Seyfettin Ayakyay, “ERMENİSTAN VAHŞETİ” başlıklı köşe yazısında, “Ancak ermeni kan emici vampirlerin Azerbaycan topraklarında 04 TEMMUZ 2017 tarihinde tecavüz ateşi ederek masum insanlara haince saldırısı sonucu katlettiği 17 Aylık Zehra bebek için dünya sessiz kalıyor nedense!” sözleriyle, Ermenileri şiddet ve katliamla ilişkilendiriyor. Yazar böylece, Ermenilere yönelik olumsuz algıları ve nefreti körüklüyor.

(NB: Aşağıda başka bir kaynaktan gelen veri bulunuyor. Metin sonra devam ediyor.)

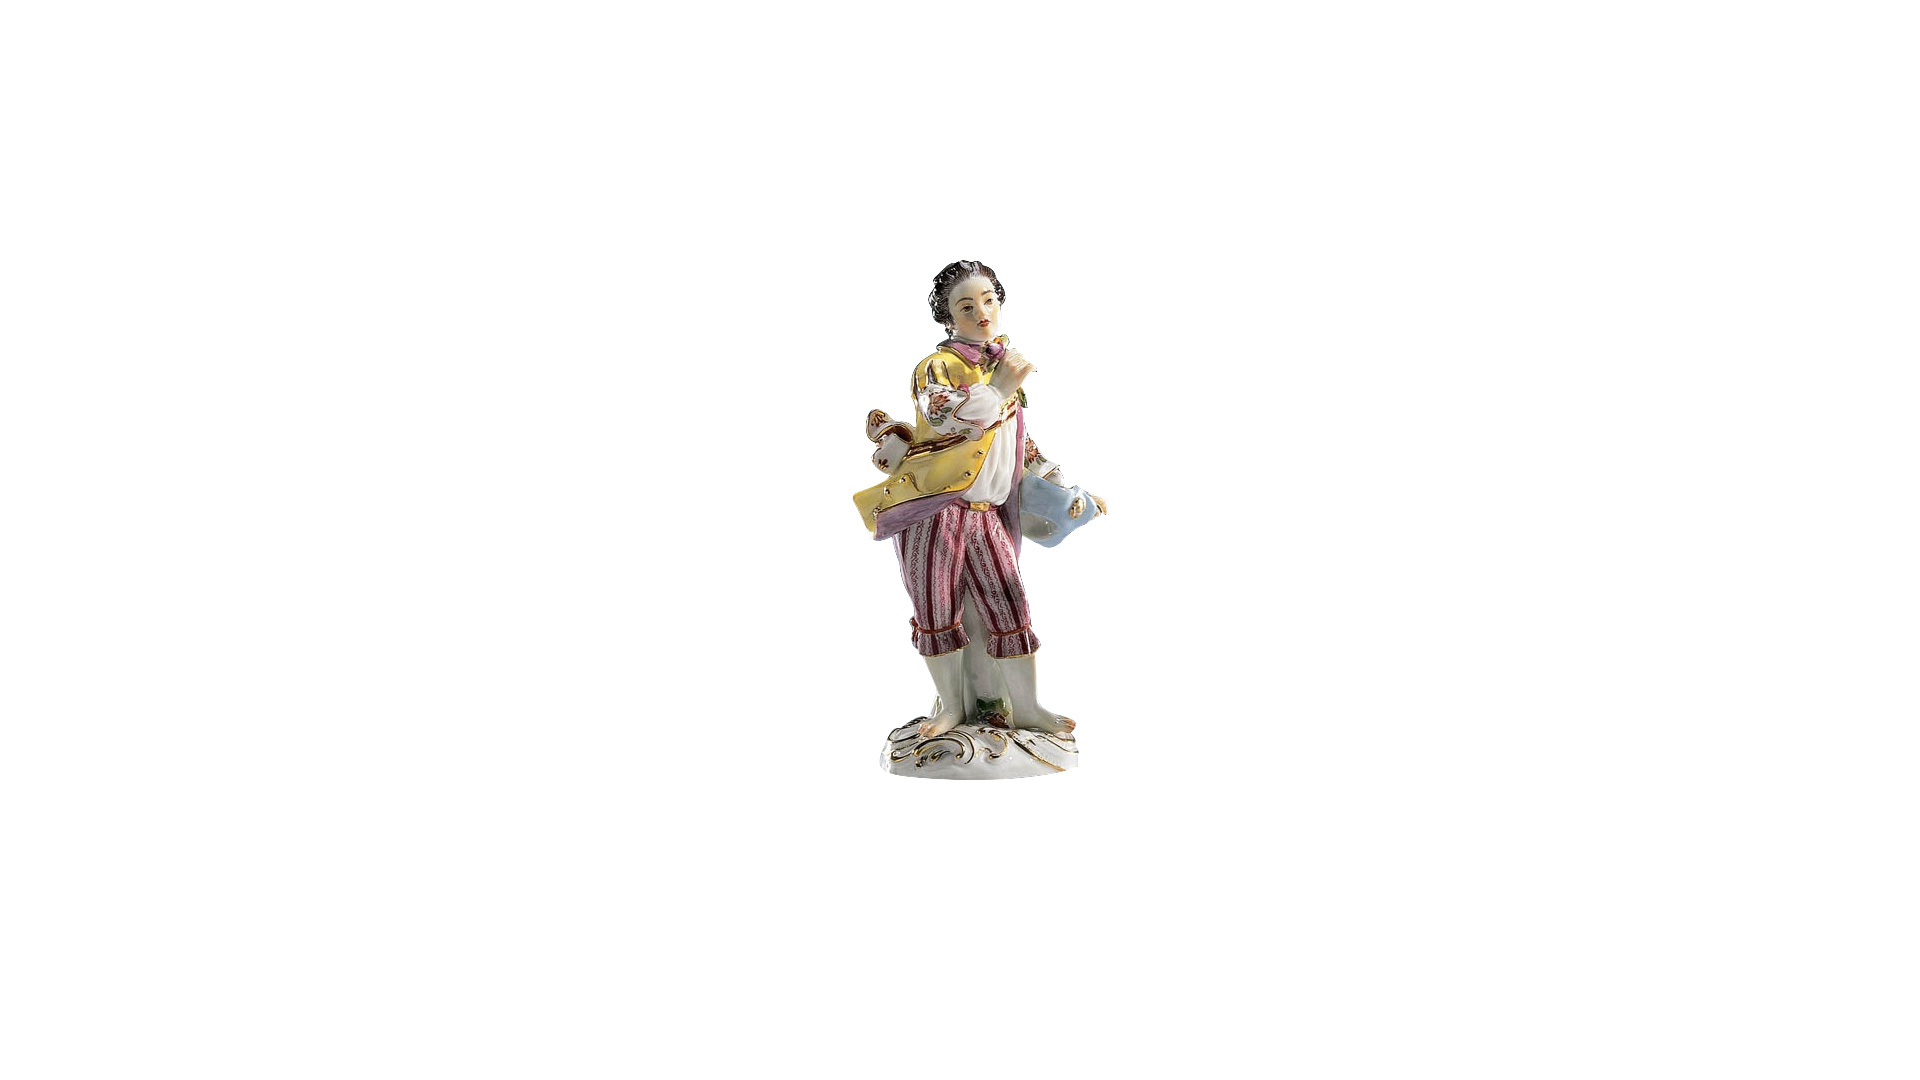 Фигурка Meissen 14,5 см Мальчик с цветком и шляпой, И-ИКэндлер,1740г, пара к 60337

1. Nefret söylemi odaklı sistematik medya izleme çalışması kapsamında, tüm ulusal gazeteler ve sayısı 500’ü bulan yerel gazete önceden belirlenen anahtar kelimeler üzerinden (ör. hain, dönme, mülteci, Hıristiyan, Yahudi, bölücü vs.) medya takip merkezi aracılığıyla taranıyor. Bu anahtar kelimeleri içeren haber ve köşe yazıları günlük olarak okunuyor (gazetelerin hafta sonu baskıları hariç) ve nefret söylemi içeren yazılar tespit ediliyor. Esas olarak ulusal, etnik ve dini kimlik temelli nefret söylemine odaklanılırken cinsiyetçi ve homofobik/transfobik söylemler de tarama kapsamına alınıyor.